Caderno Filosofia Ética & Política  •  05 de agosto de 2026  •  07 min de leitura
Medo, discurso e orçamento público

O mundo bate recordes de gasto militar num momento em que a política também bate recordes de divisão. A filosofia pergunta o que veio primeiro: a ameaça real, o medo fabricado ou a conveniência de quem lucra com os dois.

Há uma pergunta que os números do rearmamento global raramente fazem, mas que a filosofia política não pode evitar: por que uma sociedade escolhe temer? Não a ameaça em si — essa pode ser real, documentada, mensurável —, mas a decisão coletiva de organizar recursos, discurso público e prioridades orçamentárias em torno dela. Nesta semana, o Japão apresentou um Livro Branco de Defesa que trata a indústria militar como motor de crescimento econômico. O Brasil, a Europa e o Canadá seguem trajetória semelhante. Como mostrou reportagem publicada no Caderno Economia de O Tecido, o mundo gastou 2,887 trilhões de dólares em defesa em 2025 — o maior valor da história e o 11º ano consecutivo de alta, enquanto o próprio retorno econômico desse gasto é, na melhor das hipóteses, inferior ao de investimentos em educação e saúde.

Se a conta não fecha em termos puramente econômicos, resta perguntar por que ela segue sendo aprovada — e ampliada — com tão pouca resistência política. A resposta mais simples é também a mais antiga: Estados se armam porque temem uns aos outros, e o medo, uma vez instalado, se autoalimenta. Mas essa resposta, sozinha, explica a lógica entre nações. Não explica por que, dentro de cada país, o debate público perdeu a capacidade de questionar esse gasto com o mesmo rigor que aplica a outras políticas.

O medo antigo: da anarquia entre Estados

A tradição realista das relações internacionais tem um nome para esse primeiro mecanismo: dilema de segurança. O conceito, formalizado pelo cientista político John Herz na década de 1950 mas com raízes que remontam a Tucídides, descreve uma armadilha estrutural — não moral, não ideológica. Como não existe autoridade central acima dos Estados capaz de garantir a segurança de todos, cada país que se arma para se proteger acaba, pelo simples fato de tê-lo feito, tornando os vizinhos mais inseguros. Estes respondem armando-se também. Nenhuma das partes desejava a escalada; todas a produzem.

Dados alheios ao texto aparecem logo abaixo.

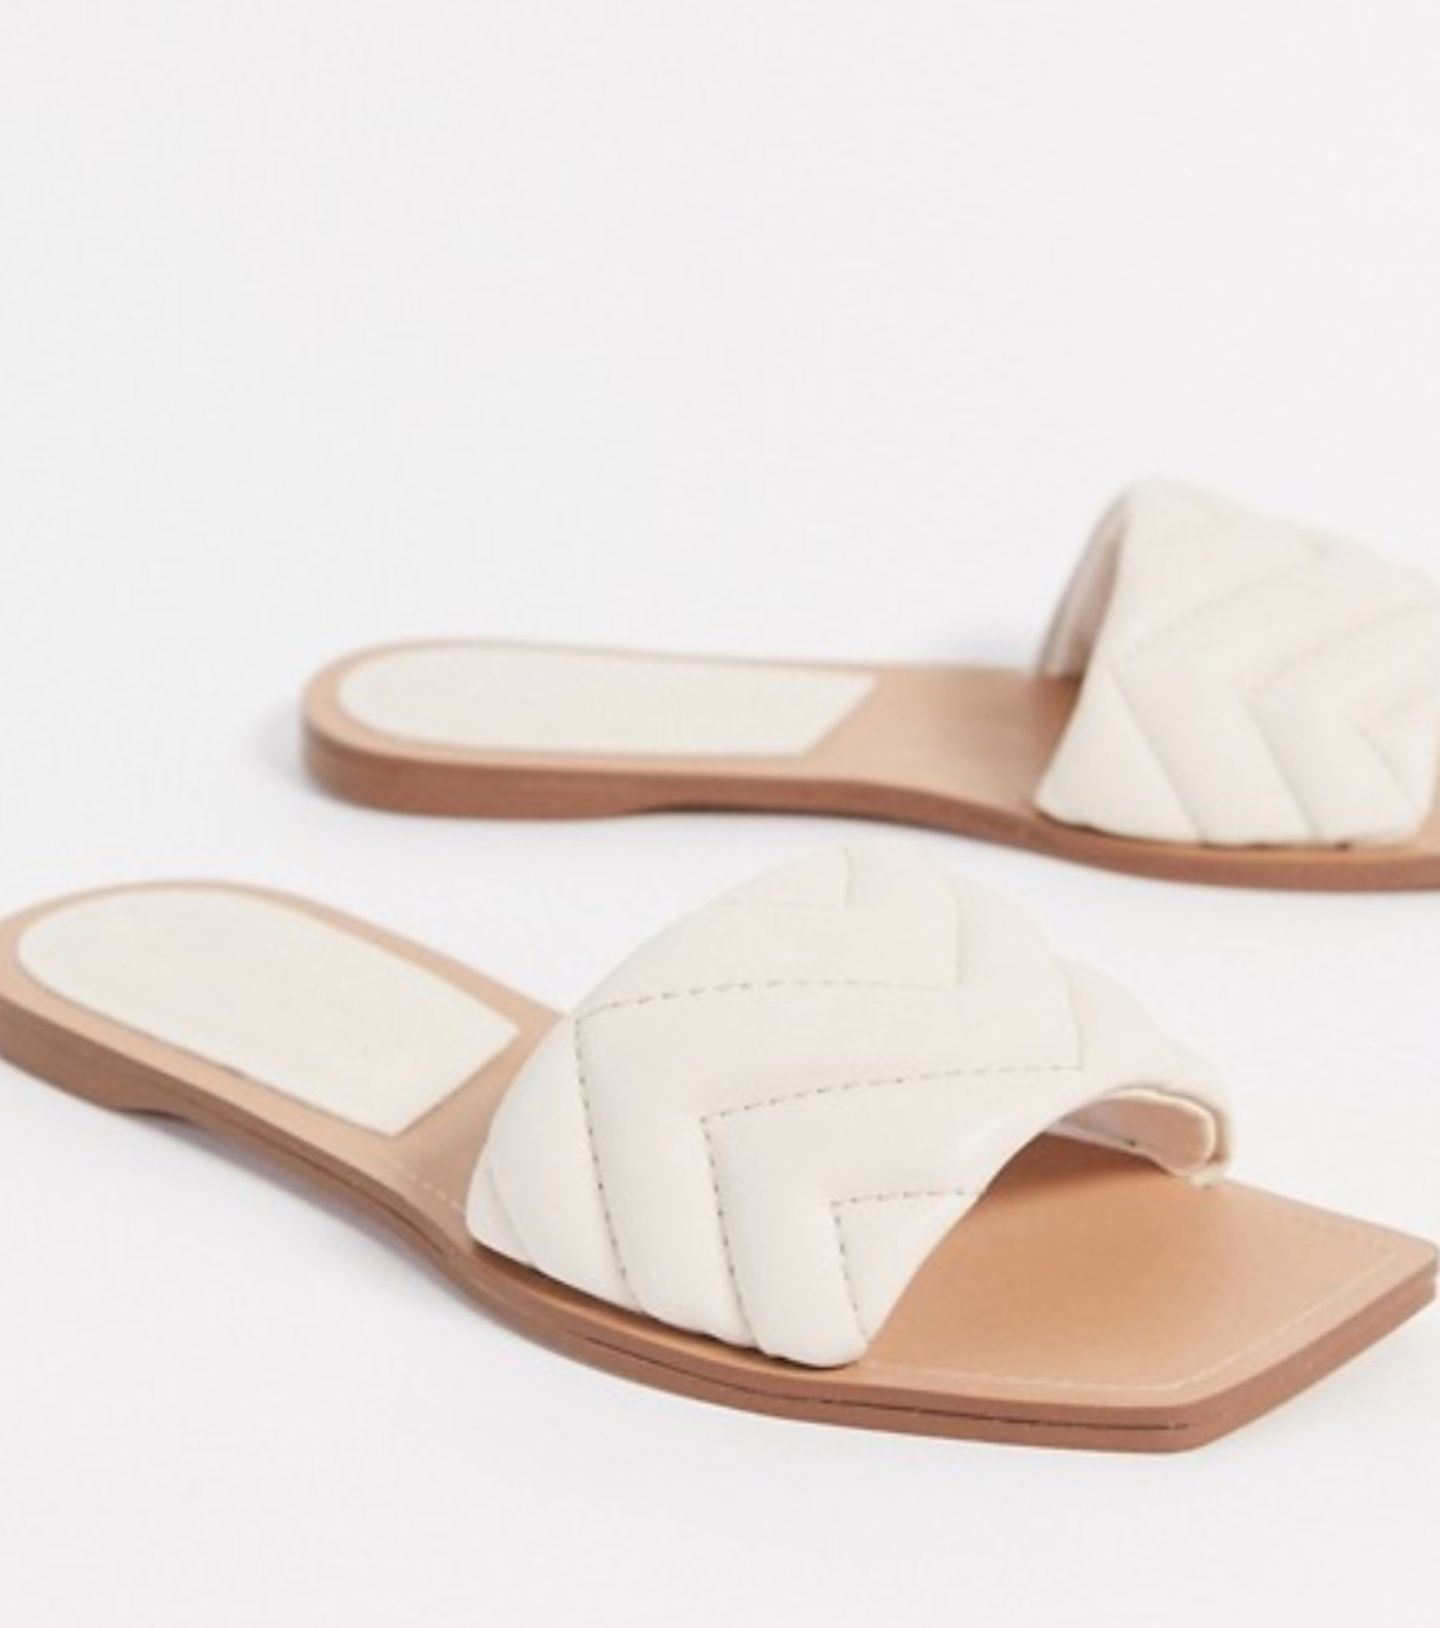 Sommerschuhe: Seppoptik Mules

Esse mecanismo é suficiente para explicar boa parte do que está em curso. A guerra na Ucrânia e a tensão entre China e Taiwan são ameaças concretas, não fantasmas retóricos, e alimentam de forma direta o rearmamento europeu e asiático. Thomas Hobbes, no século XVII, já havia descrito a lógica: no estado de natureza, mesmo o homem mais pacífico tem razões para atacar primeiro, pois não pode confiar que o outro não o fará. A guerra, para Hobbes, nasce menos do ódio do que da desconfiança recíproca em um ambiente sem árbitro.

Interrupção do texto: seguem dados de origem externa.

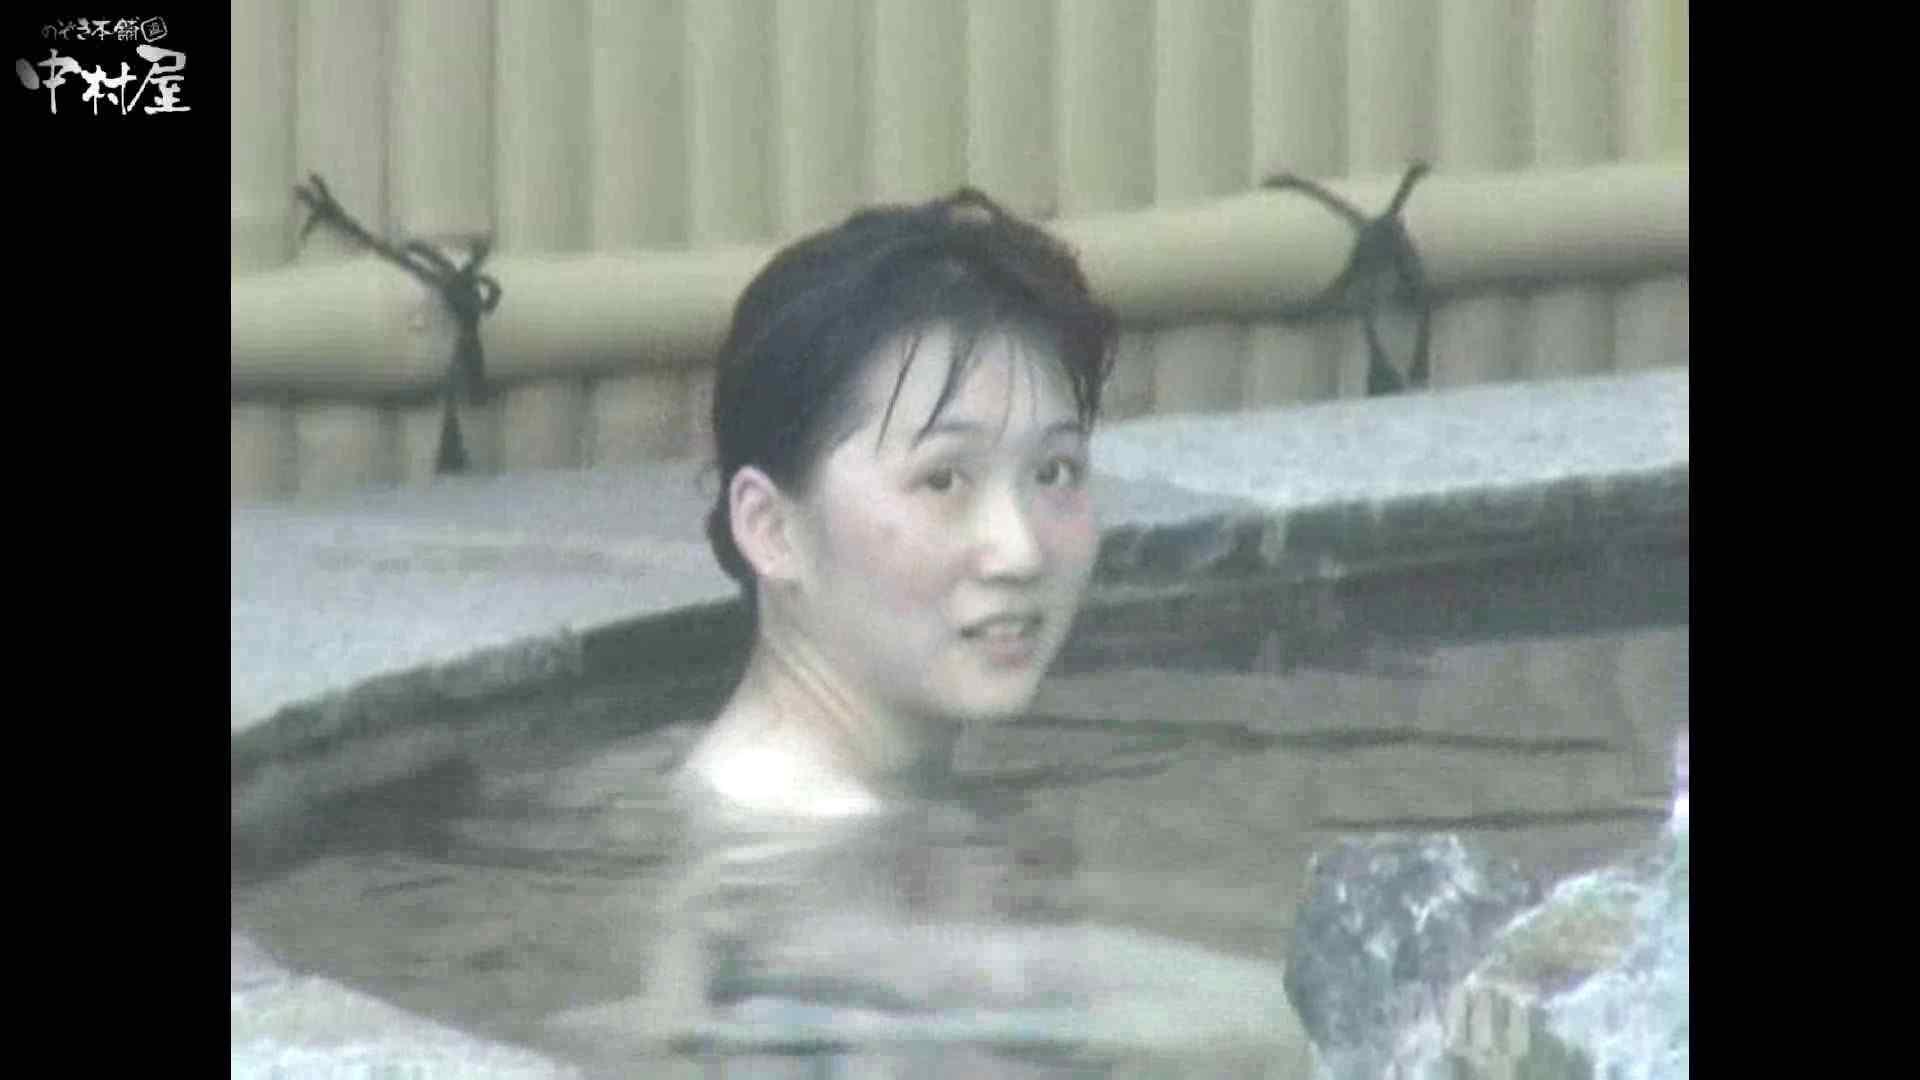 Aquaな露天風呂Vol.878潜入盗撮露天風呂十五判湯 其の一 露天 エロ画像 56連発 39

O medo novo: da polarização entre cidadãos

Mas o dilema de segurança descreve a relação entre Estados, não a razão pela qual sociedades internamente divididas deixam de debater o próprio gasto militar com espírito crítico. Aqui entra um segundo mecanismo, de natureza diferente: a polarização política transforma o adversário interno em inimigo, e essa gramática do "nós contra eles" migra com facilidade para a política externa. Quando o debate doméstico já opera por blocos hostis — em vez de posições divergentes dentro de um mesmo campo democrático —, fica mais fácil aceitar que o mundo lá fora também se organiza assim, e mais difícil sustentar posições intermediárias, como "investir em defesa, mas com escrutínio orçamentário rigoroso".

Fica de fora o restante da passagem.